## The task:
If pictures appear among the lines below, leave them out while you return exactly the lines from the one with "Bílý kůň stojící" through the one with "Egy pufferoldatbanc ecetsav".

## Given information:
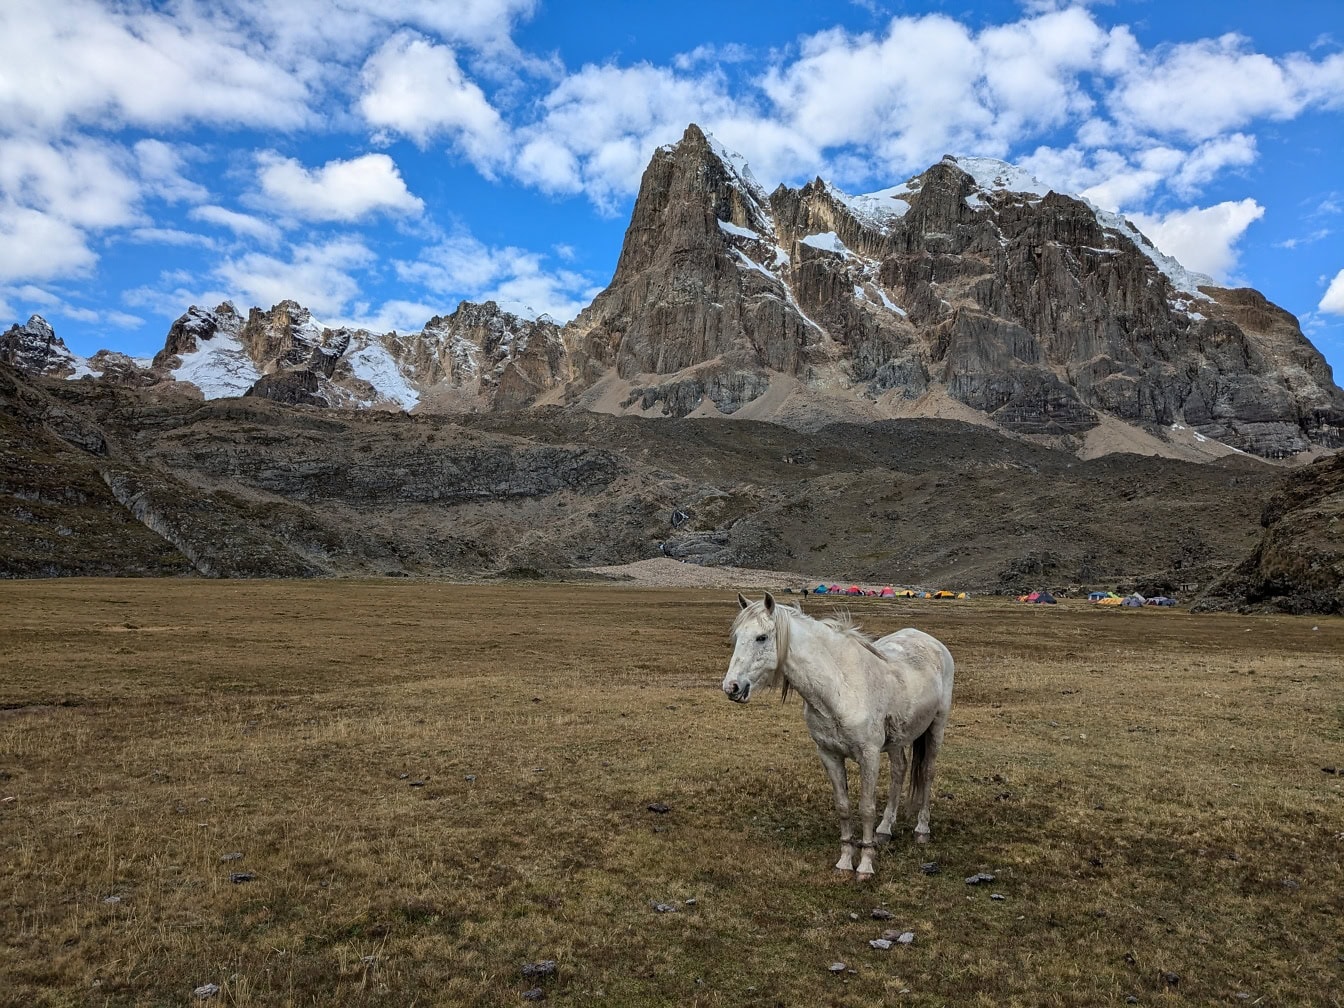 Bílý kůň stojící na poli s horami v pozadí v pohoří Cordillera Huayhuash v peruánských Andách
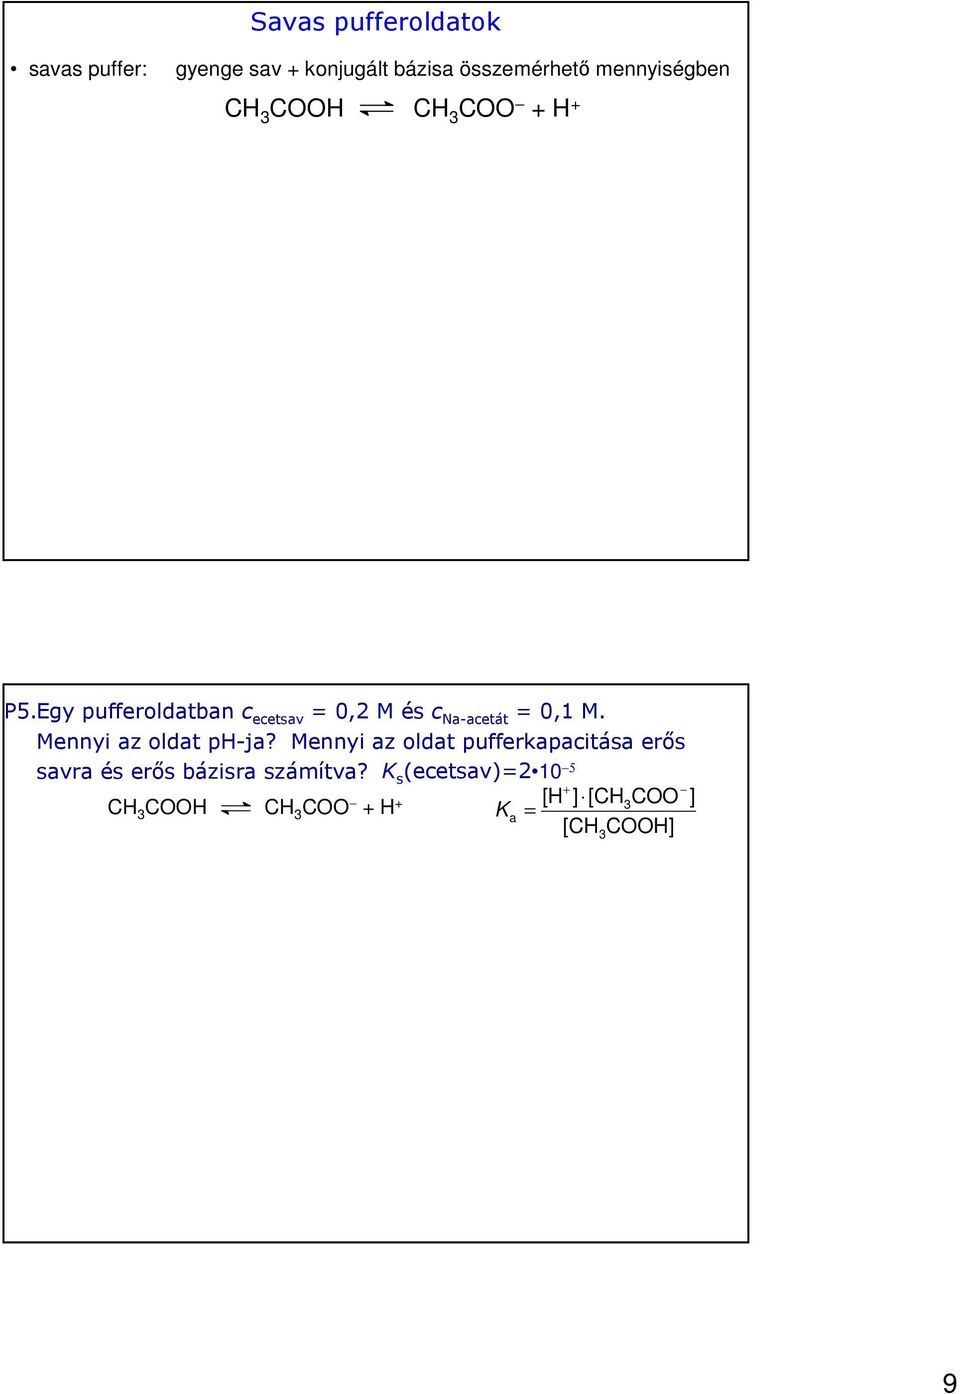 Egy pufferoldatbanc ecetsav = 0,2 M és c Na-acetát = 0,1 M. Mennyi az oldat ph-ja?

---

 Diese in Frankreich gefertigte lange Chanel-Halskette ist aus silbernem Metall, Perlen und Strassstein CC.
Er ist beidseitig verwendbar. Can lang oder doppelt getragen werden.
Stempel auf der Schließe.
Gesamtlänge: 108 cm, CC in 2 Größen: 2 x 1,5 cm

---

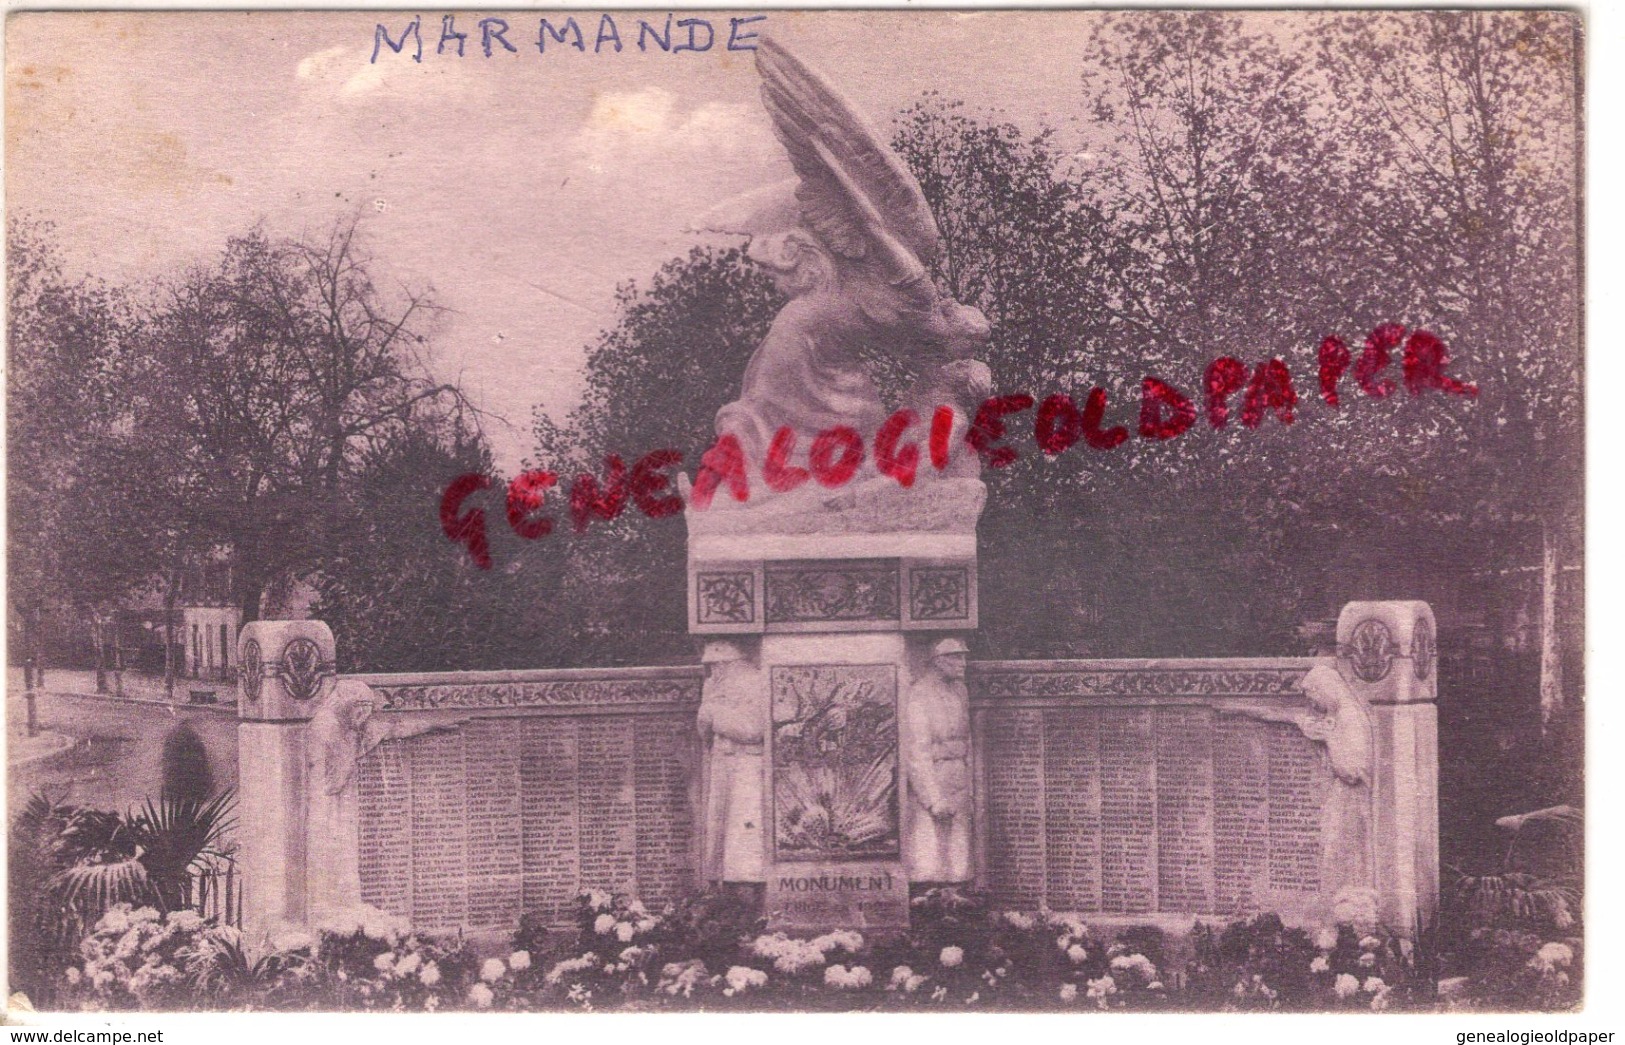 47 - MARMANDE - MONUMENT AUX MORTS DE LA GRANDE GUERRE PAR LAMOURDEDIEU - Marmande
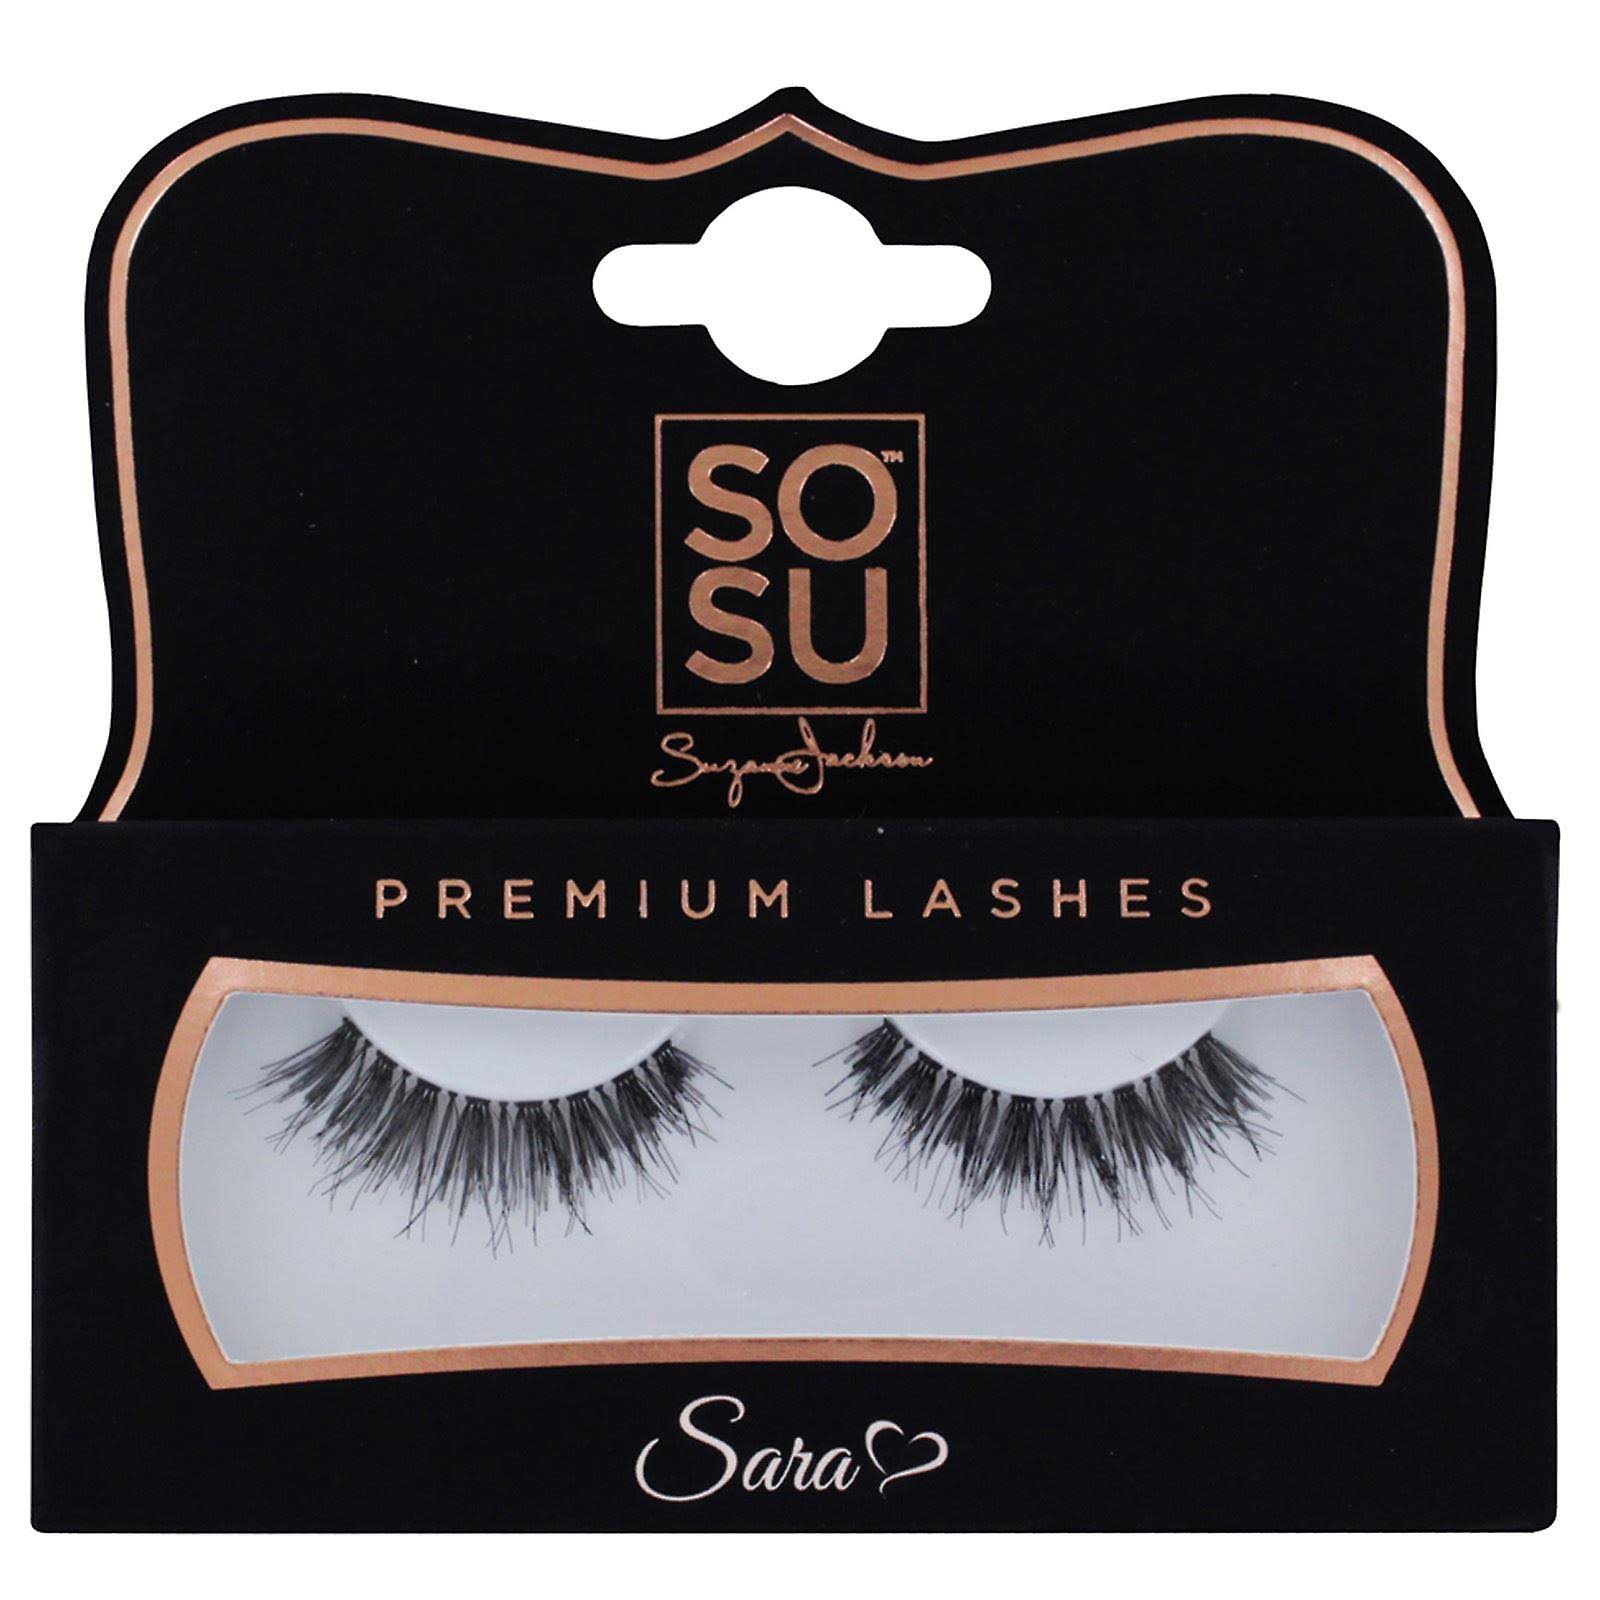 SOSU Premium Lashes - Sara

## Output for this exercise:
 Bílý kůň stojící na poli s horami v pozadí v pohoří Cordillera Huayhuash v peruánských Andách
 Egy pufferoldatbanc ecetsav = 0,2 M és c Na-acetát = 0,1 M. Mennyi az oldat ph-ja?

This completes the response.